The learning curves of robotic and three-dimensional laparoscopic surgery in cervical cancer

J Cancer. 2016 Nov 25;7(15):2304-2308. doi: 10.7150/jca.16653. eCollection 2016.

Abstract

Background: The 3D laparoscopy systems and robotic systems have been introduced into clinical practice for a few years. But the comparison of robotic and 3D laparoscopic gynecologic surgery is still needed.

Objective: To retrospectively compare the learning curves of robotic and 3D laparoscopic hysterectomy and pelvic lymphadenectomy in cervical cancer.

Study design: The operational duration, blood loss, peritoneal drainage of first 24 hours after operation, total hospitalization days, hospitalization days after operation, lymph nodes collected, learning curves and cost of robotic and 3D laparoscopic hysterectomy and pelvic lymphadenectomy in cervical cancer performed by one experienced surgeon were studied.

Results: There was one surgeon who performed 37 cases of robotic and 24 cases of 3D laparoscopic hysterectomy and pelvic lymphadenectomy, and the turning point of learning curves was case 13th and case 10th. The differences of duration of operation, blood loss, peritoneal drainage of first 24 hours after operation, total hospitalization days, hospitalization days after operation, lymph nodes collected and perioperative complications were not statistically significant. But the cost of each robotic operation was higher than 3D operation.

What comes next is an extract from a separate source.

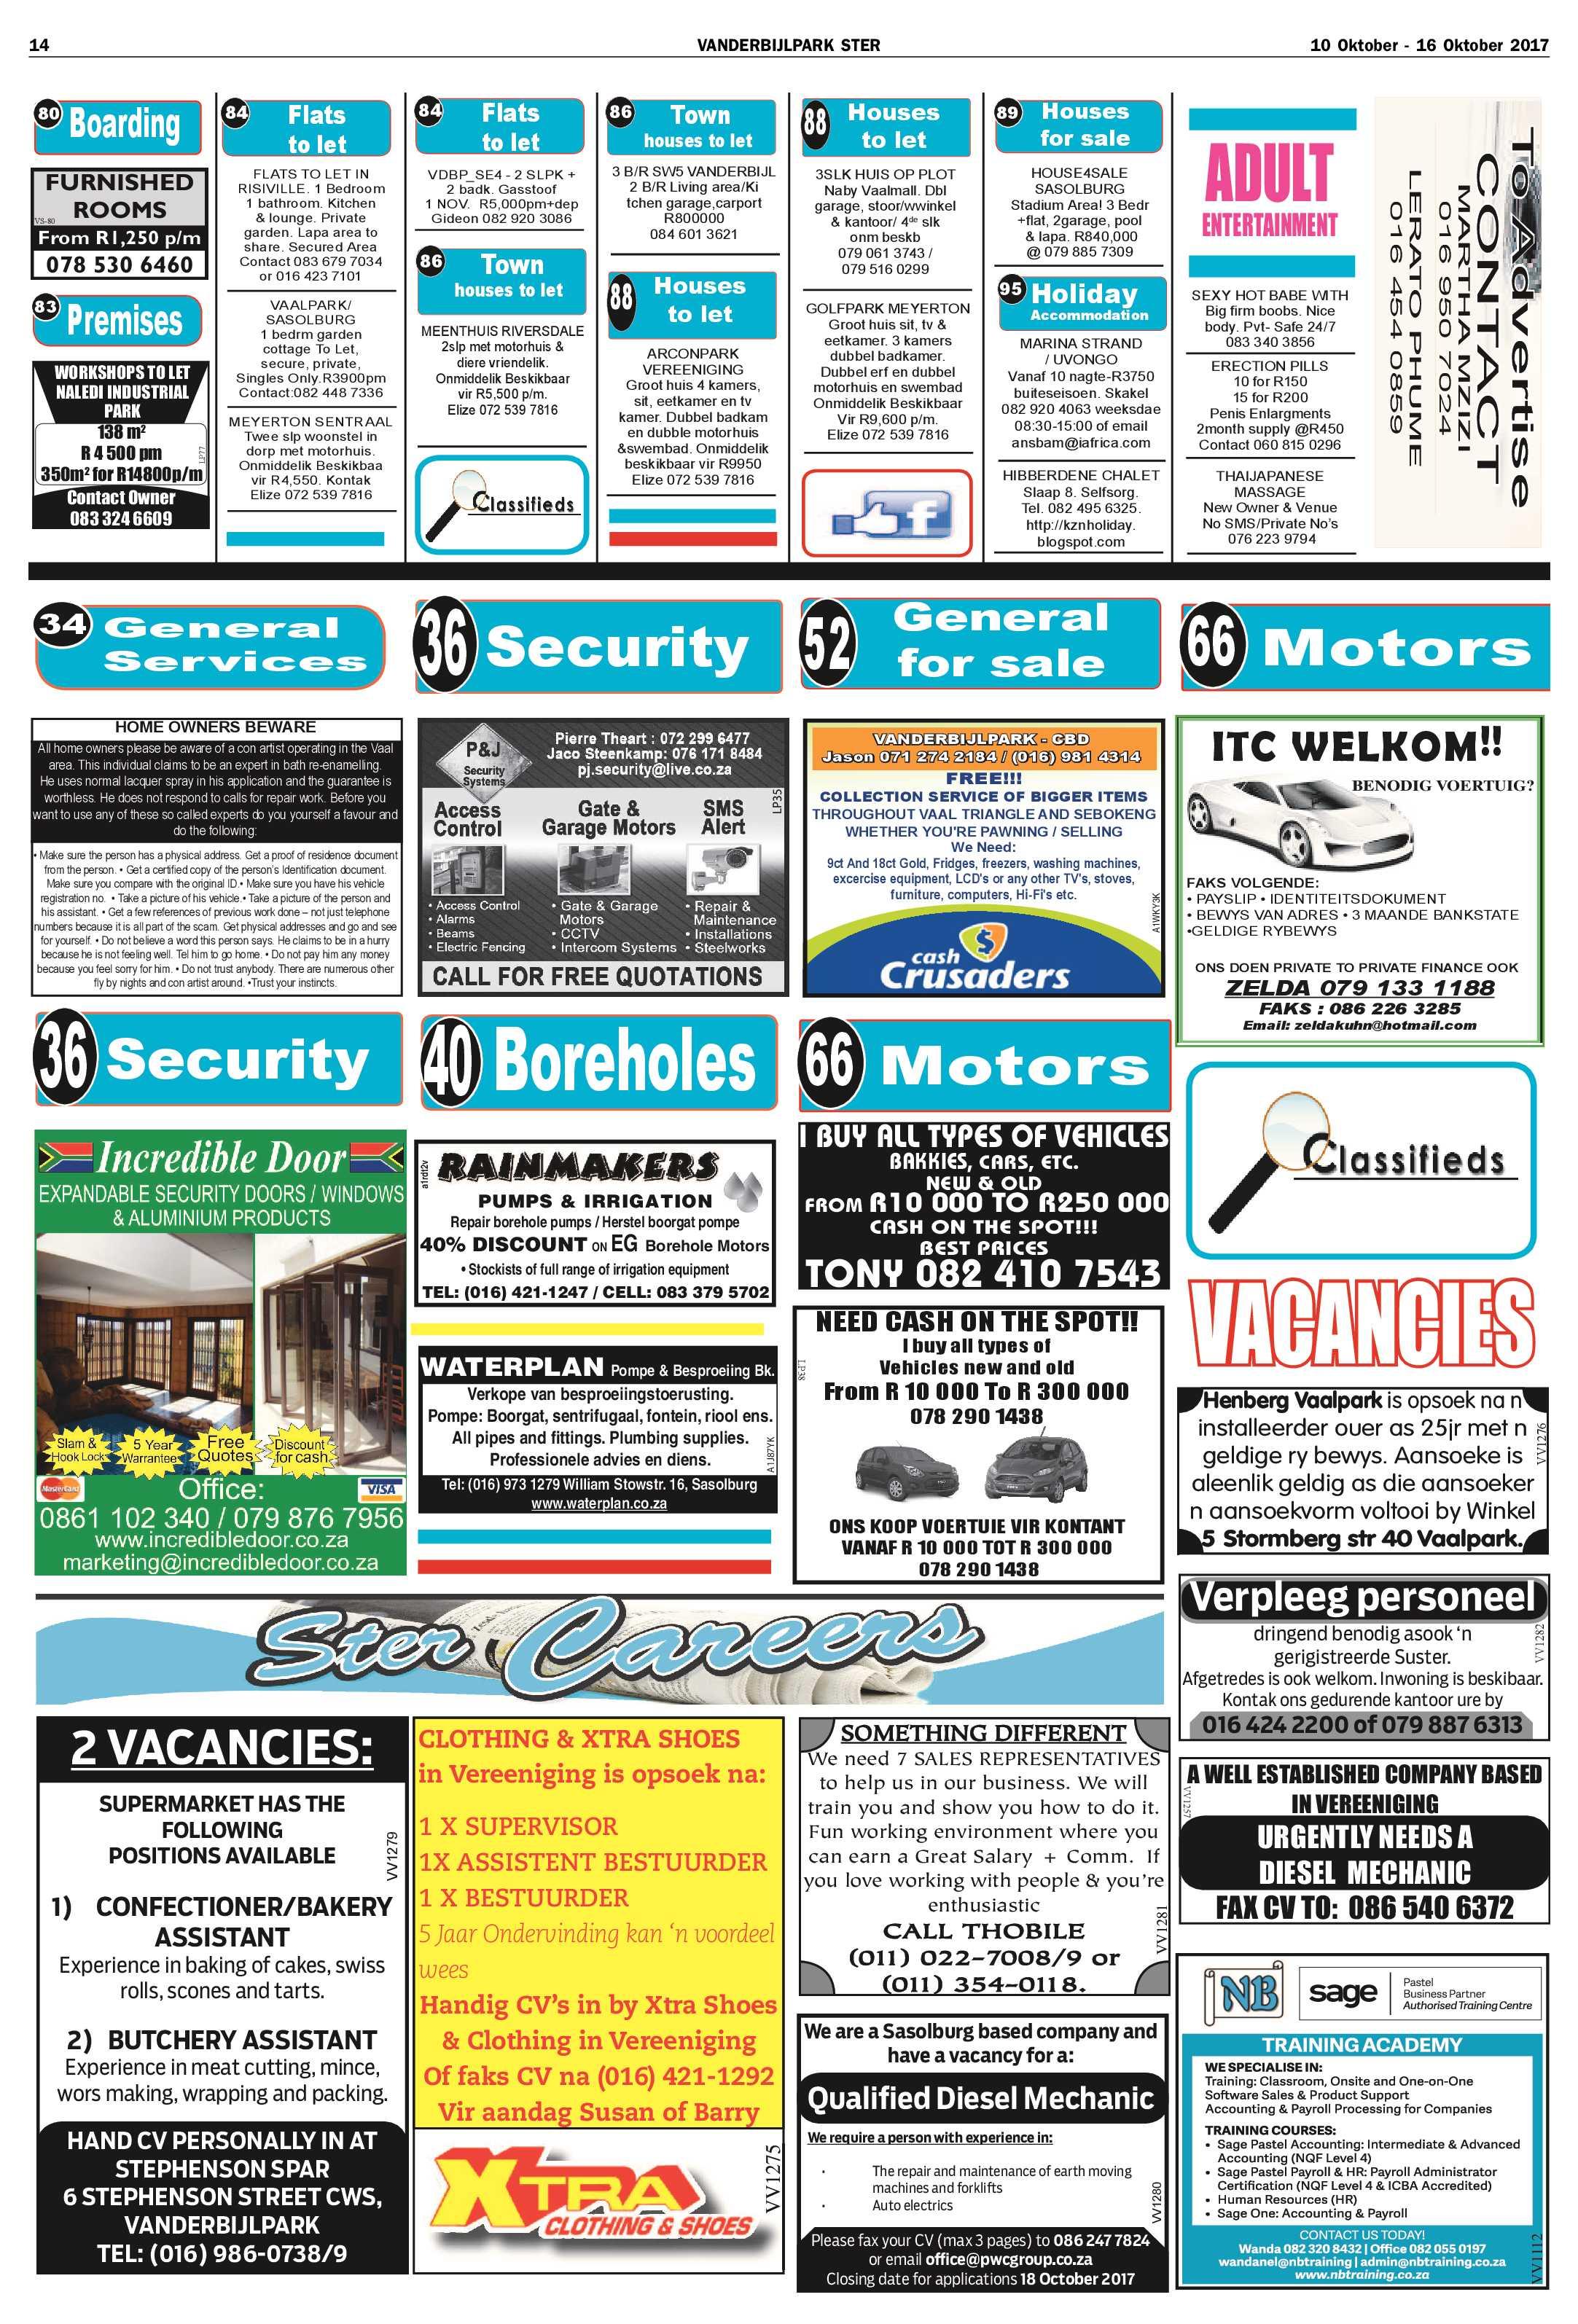 vanderbijlpark-ster-10-16-oktober-2017-epapers-page-14

Conclusions: The turning point of the learning curve of 3D laparoscopic hysterectomy and pelvic lymphadenectomy is earlier than that of robotic sugery in patients with cervical cancer, and there is no obvious benefit from robotic surgery than 3D surgery in the terms of short-term medical index and hospitalization cost.

Keywords: 3D laparoscopy; hysterectomy and pelvic lymphadenectomy.; learning curve; robotic laparoscopy.